I felt a stab of guilt as she let go of my arm. But Uncle Matt was instantly at her side, taking her hand and drawing her over to talk to some other people. I sighed with relief. Then turned round to look for the girl.

She was still there. I wanted to see what she looked like under that huge black overcoat. It was way, way too big for her. The shoulders hung halfway down her arms and the sleeves dangled below her hands.

With a jolt I realised it was a man’s coat. It was January. It was cold. Somebody must’ve lent it to her to keep her warm.
Let it be her father
, I prayed.
Or her brother. Please.

One of Mum’s friends came up to me, clucking about how sad it was that Dad had died, asking how I was coping. I answered in grunts, hoping she’d get the message and leave me alone. I still hadn’t seen anyone from my class. I knew some of them were here. They were probably too embarrassed to come and speak to me after all Chloe’s noisy crying in the service.

Chloe was blowing her nose now. The skin around her eyes was red and streaks of make-up were smeared down her cheeks. She was talking to the girl in the big overcoat. My girl.

I was thinking about going a bit closer. Chloe was my sister, after all – surely it wouldn’t look too obvious?

And then this guy wandered over to them. He was tall. Older. I vaguely recognised him as a sixth-former from school. He said something to Chloe, then slipped his arm round the girl. My heart beat faster. I mentally measured the overcoat against his broad shoulders.
Bastard.
It was his coat. Had to be.
Please let him be her brother.

It was my one remaining hope. Then the girl looked up, gave him this dead sexy grin, and my hope was dashed.

 
2
The records

Is she really going out with him?
Is she really gonna take him home tonight?
Is she really going out with him?
’Cause if my eyes don’t deceive me
There’s something going wrong around here.

‘Is She Really Going Out With Him?’
Joe Jackson

The girl didn’t come back to our house. Neither did her boyfriend. I tried not to imagine what they might be doing instead.

The house was full of the family and friends who’d been at the funeral. The women brought food and laid it out on the kitchen table. The men produced bottles of whisky and made whisky sours. I hovered, hoping one of them would offer me a glass.

They didn’t.

Mum and Chloe stood in the living room, surrounded by people. I kept looking at the armchair Dad used to sit in all day before he had to go into the hospice. It felt odd seeing other people sprawled all over it.

None of my mates had made it back from the crematorium. I guessed they’d gone off to the park to play football. I didn’t blame them really. In fact I was pulling on my trainers in order to join them, when Uncle Matt cornered me in the hall.

“Where’re you going?” he said. I could smell the faint tang of whisky on his breath.

“Just out.” I stood up.

Uncle Matt put his beefy hand on my shoulder. “Look, son,” he said. “I know this is hard on you, but how’s your mum going to feel if you piss off now?”
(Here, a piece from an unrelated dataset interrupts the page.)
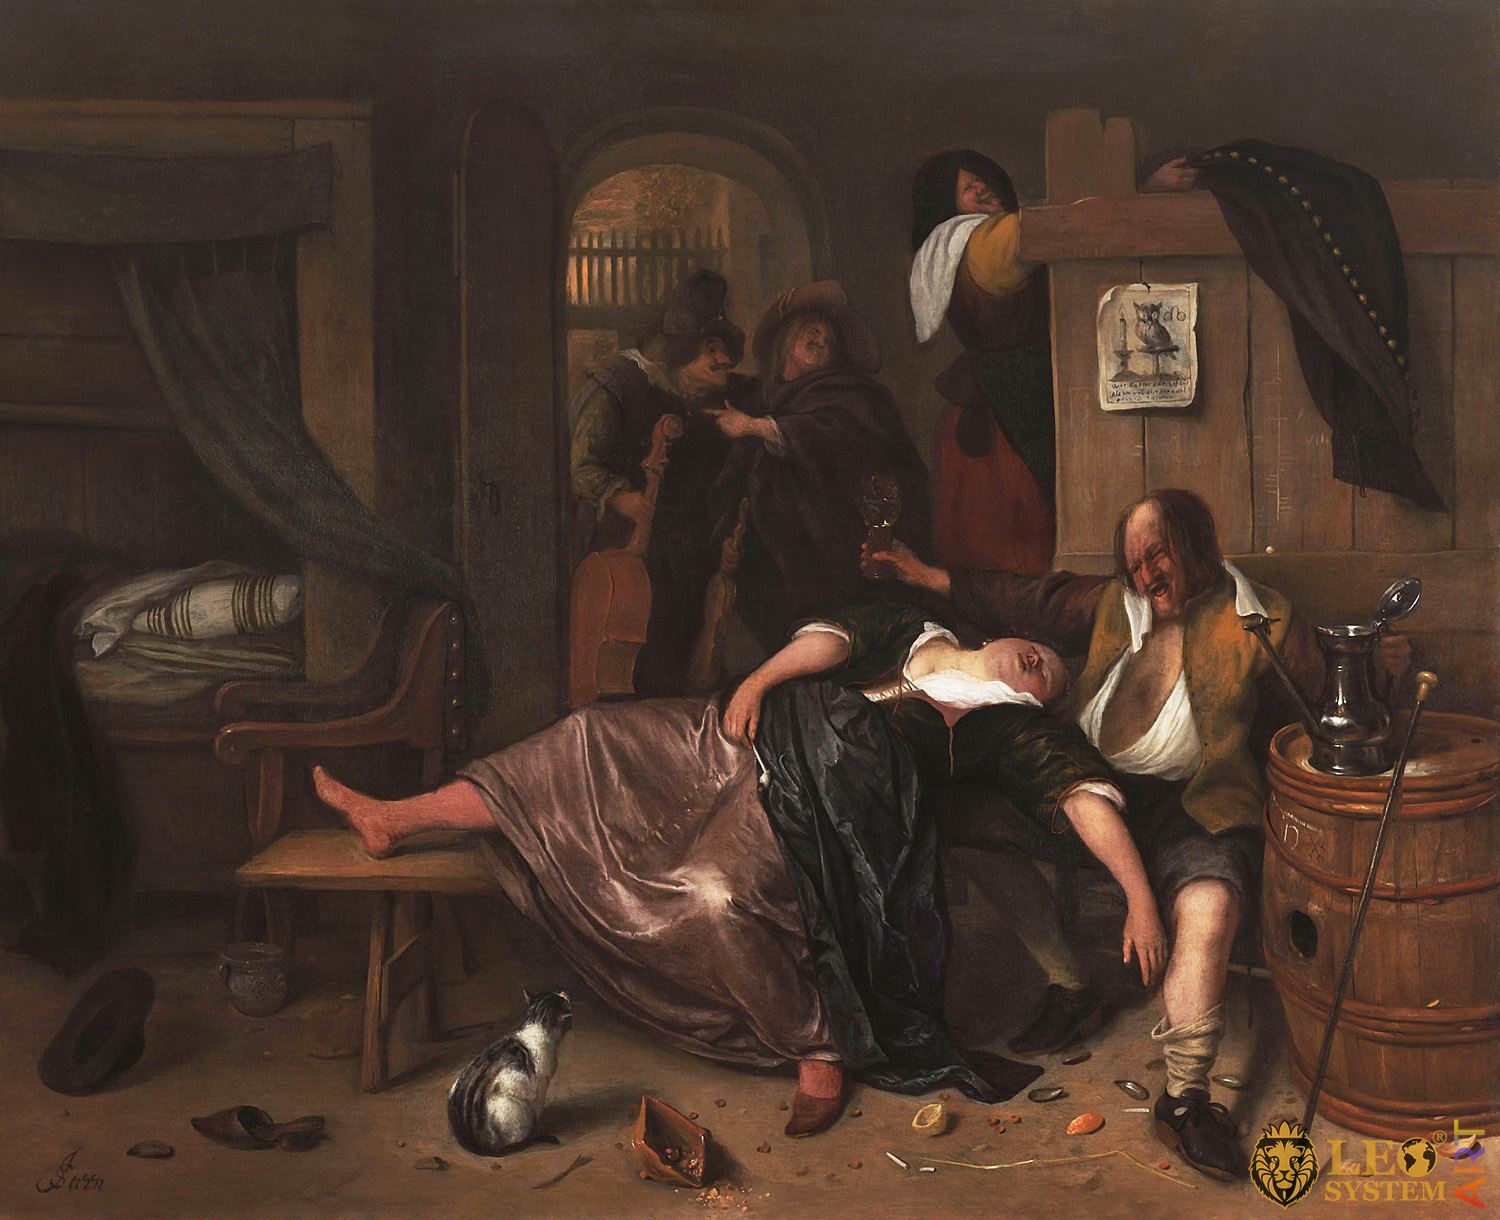 The Drunken Couple, Painter: Jan Steen, 1655, Amsterdam, Netherlands, Original painting

I gritted my teeth. “I’m not your son,” I muttered.

Uncle Matt’s already flushed cheeks reddened further. His hand dropped from my shoulder. “No, I didn’t mean . . .”

“Luke?” Mum appeared behind him. She was smiling, but her eyes had this awful, dead look about them. “Are you feeling all right?” she said.

“I just want to be on my own for a while.” I looked at the hall carpet.

“Course,” she said. “You go out, get some air.”

I came back an hour later. I hadn’t gone to the park in the end, just walked around a bit. When it came down to it, I couldn’t face seeing my friends. Since Dad had got ill, they’d all been a bit weird with me – like they didn’t know what to say to me anymore.

I didn’t need that – especially today.